The task: The answer must restate the listing word for word, without its images.

Available data:

::::

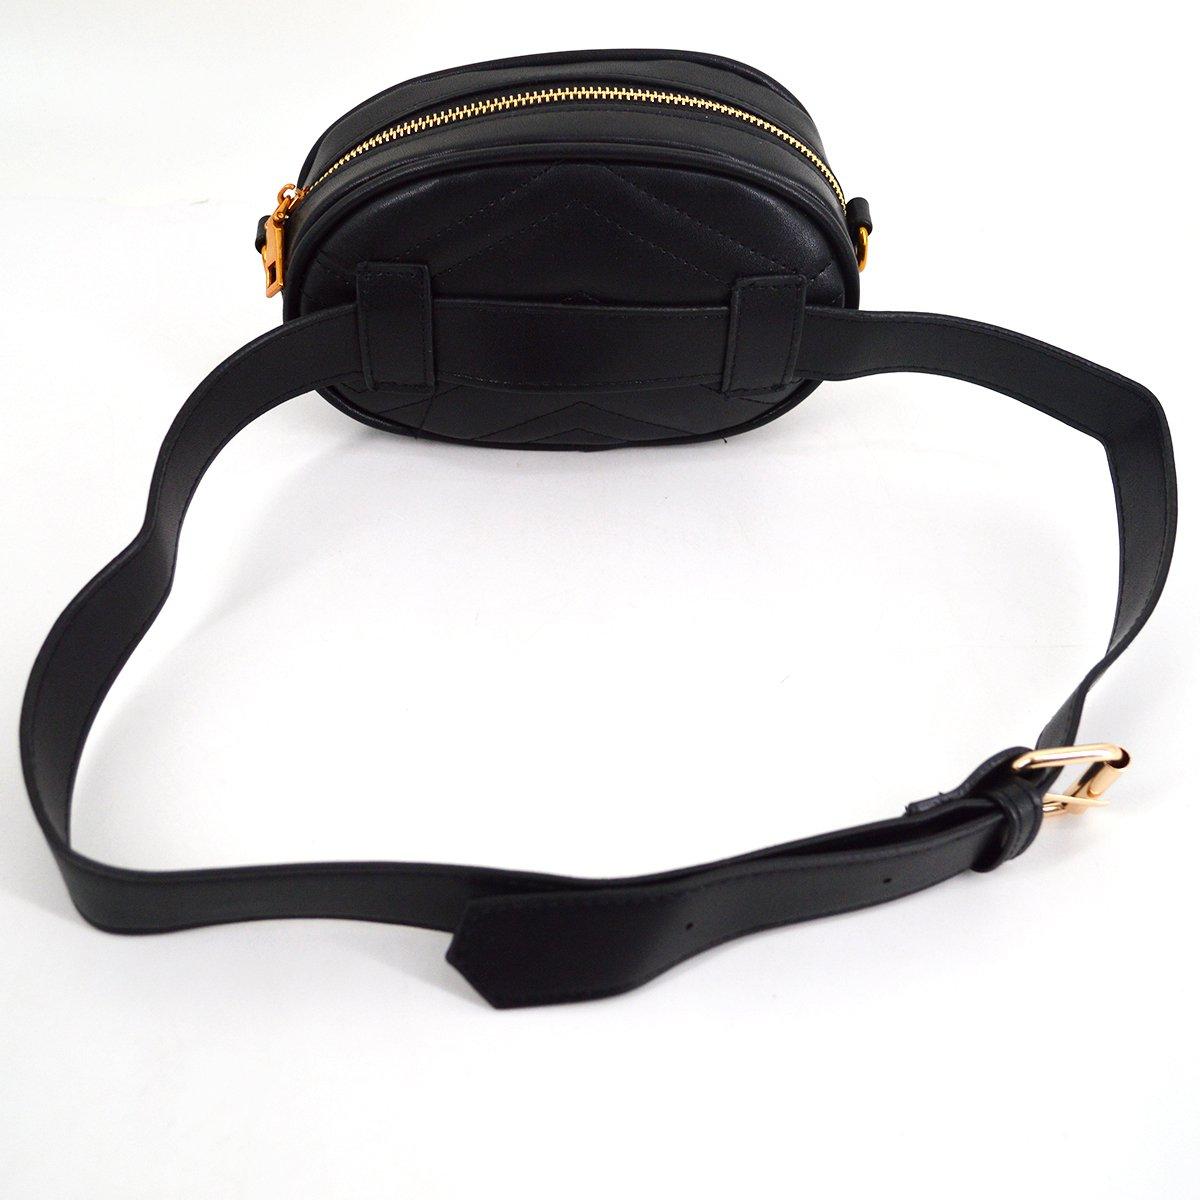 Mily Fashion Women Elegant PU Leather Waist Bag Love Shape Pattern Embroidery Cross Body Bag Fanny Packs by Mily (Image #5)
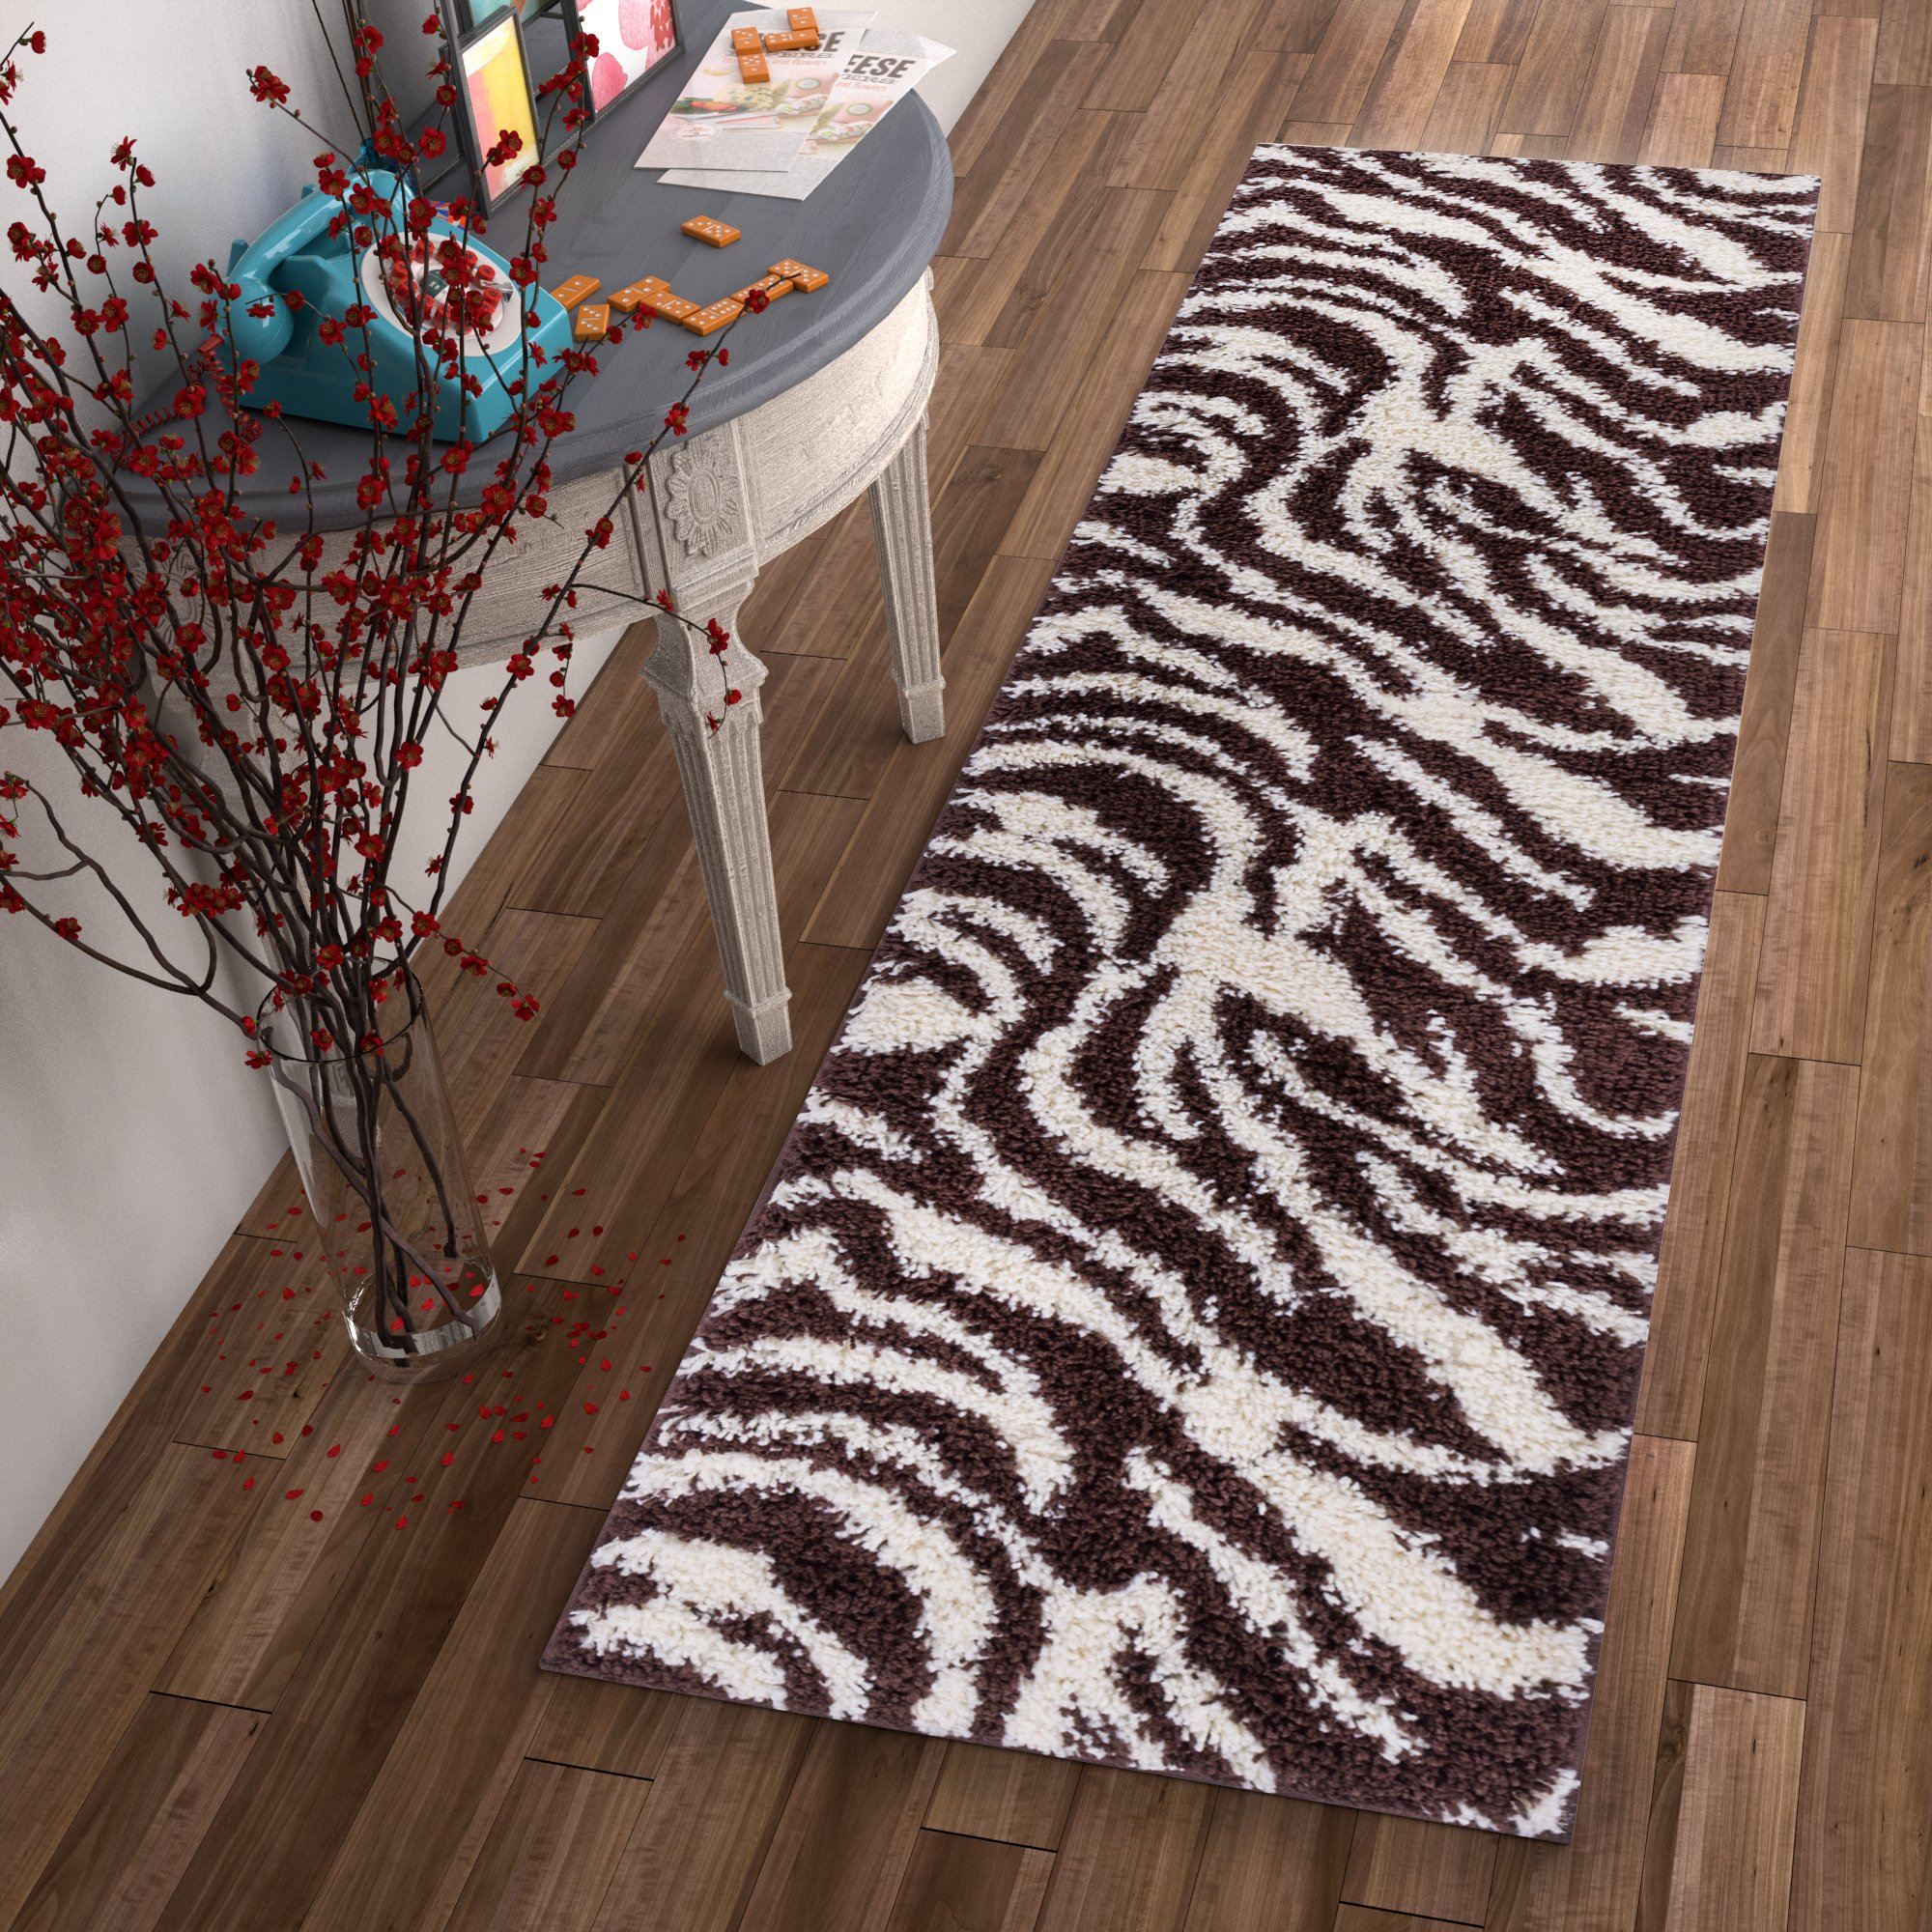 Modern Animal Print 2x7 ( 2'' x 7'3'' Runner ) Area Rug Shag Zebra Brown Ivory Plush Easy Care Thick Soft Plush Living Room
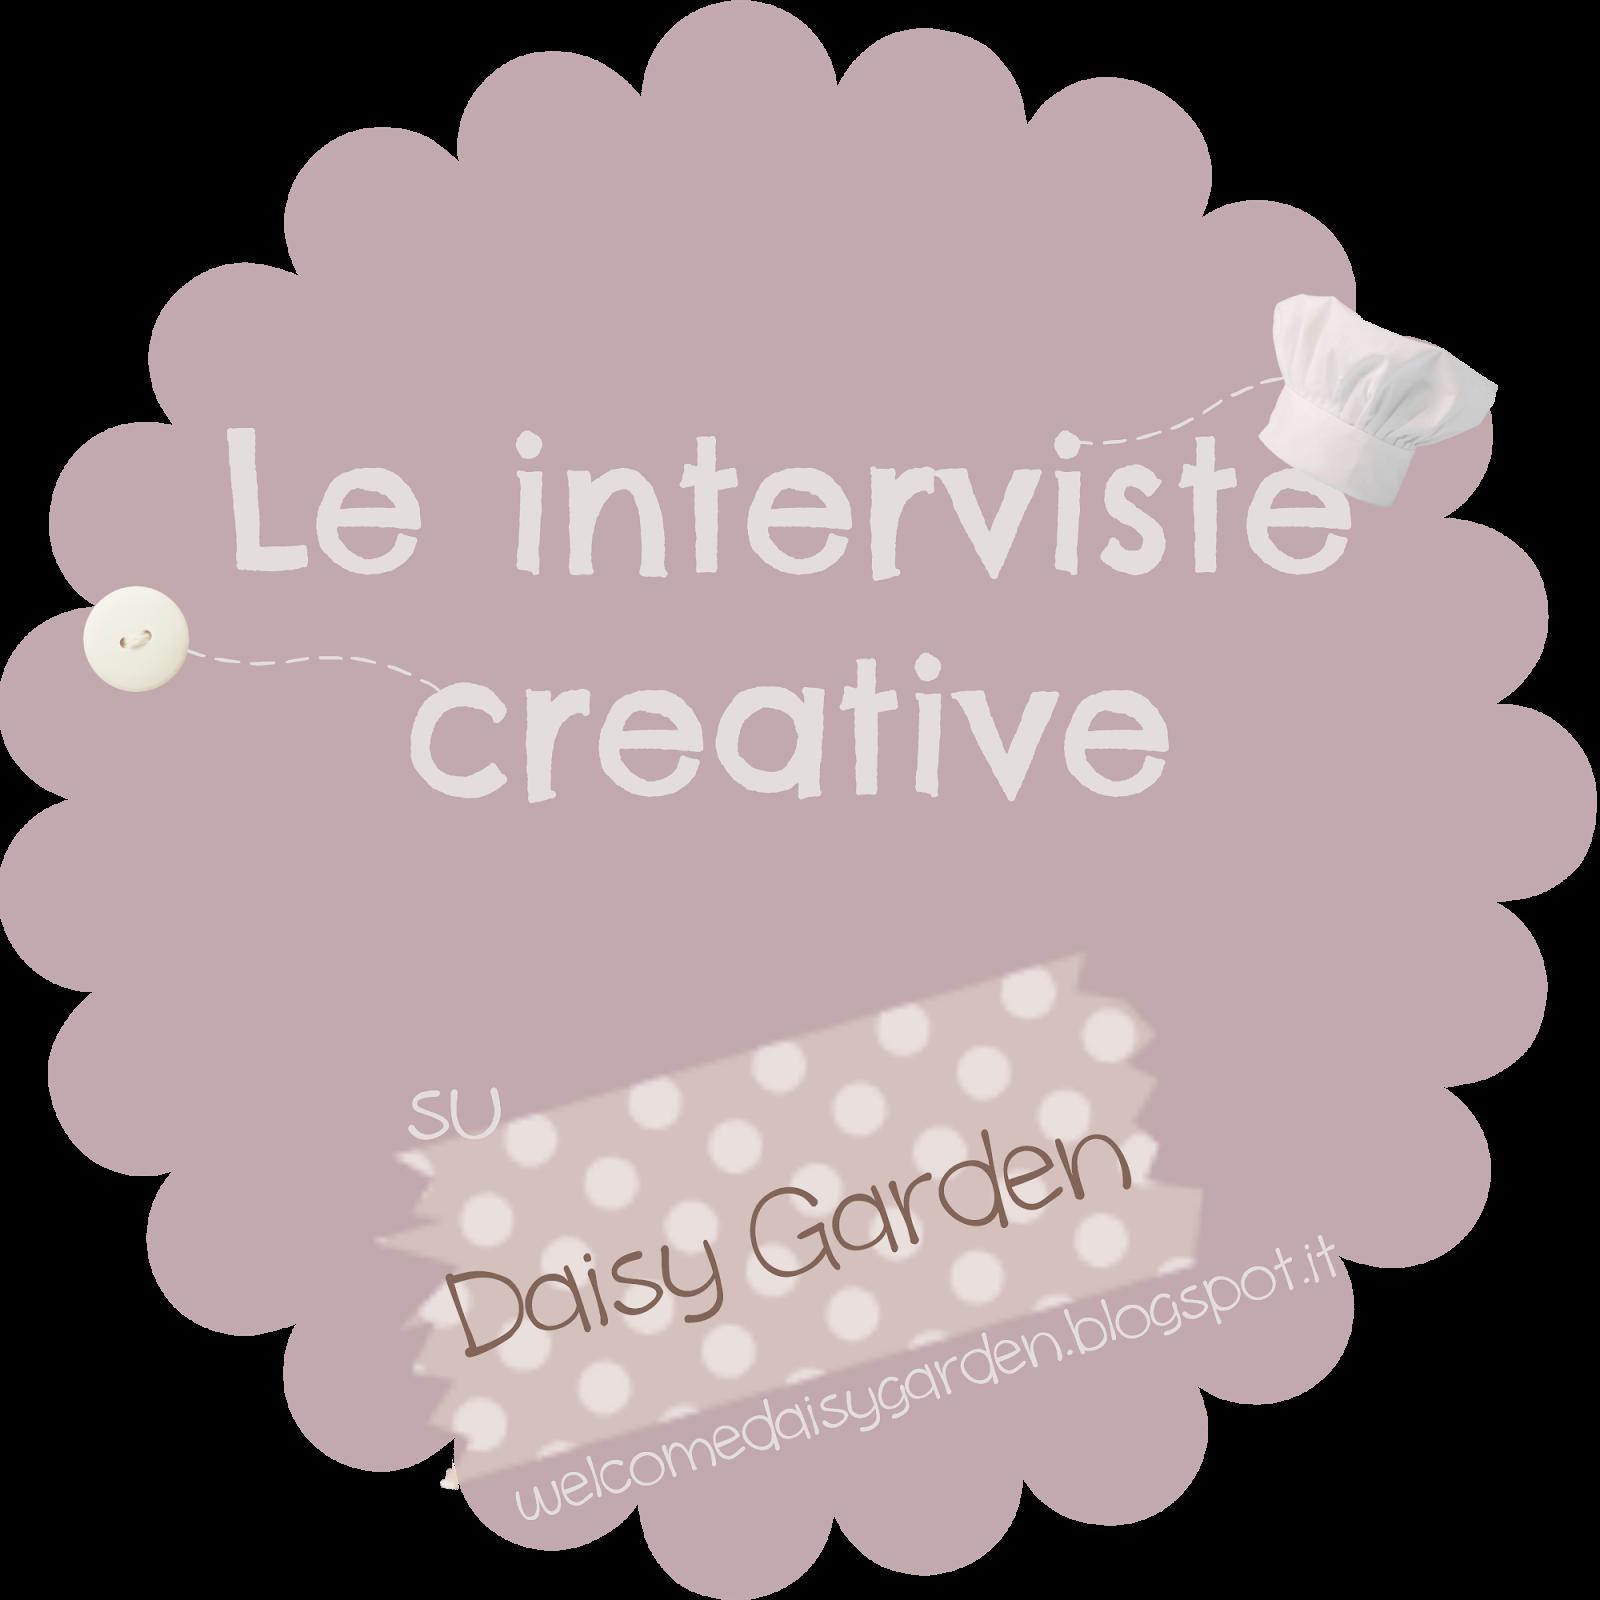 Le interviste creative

::::

Answer box:
 Mily Fashion Women Elegant PU Leather Waist Bag Love Shape Pattern Embroidery Cross Body Bag Fanny Packs by Mily (Image #5)
 Modern Animal Print 2x7 ( 2'' x 7'3'' Runner ) Area Rug Shag Zebra Brown Ivory Plush Easy Care Thick Soft Plush Living Room
 Le interviste creative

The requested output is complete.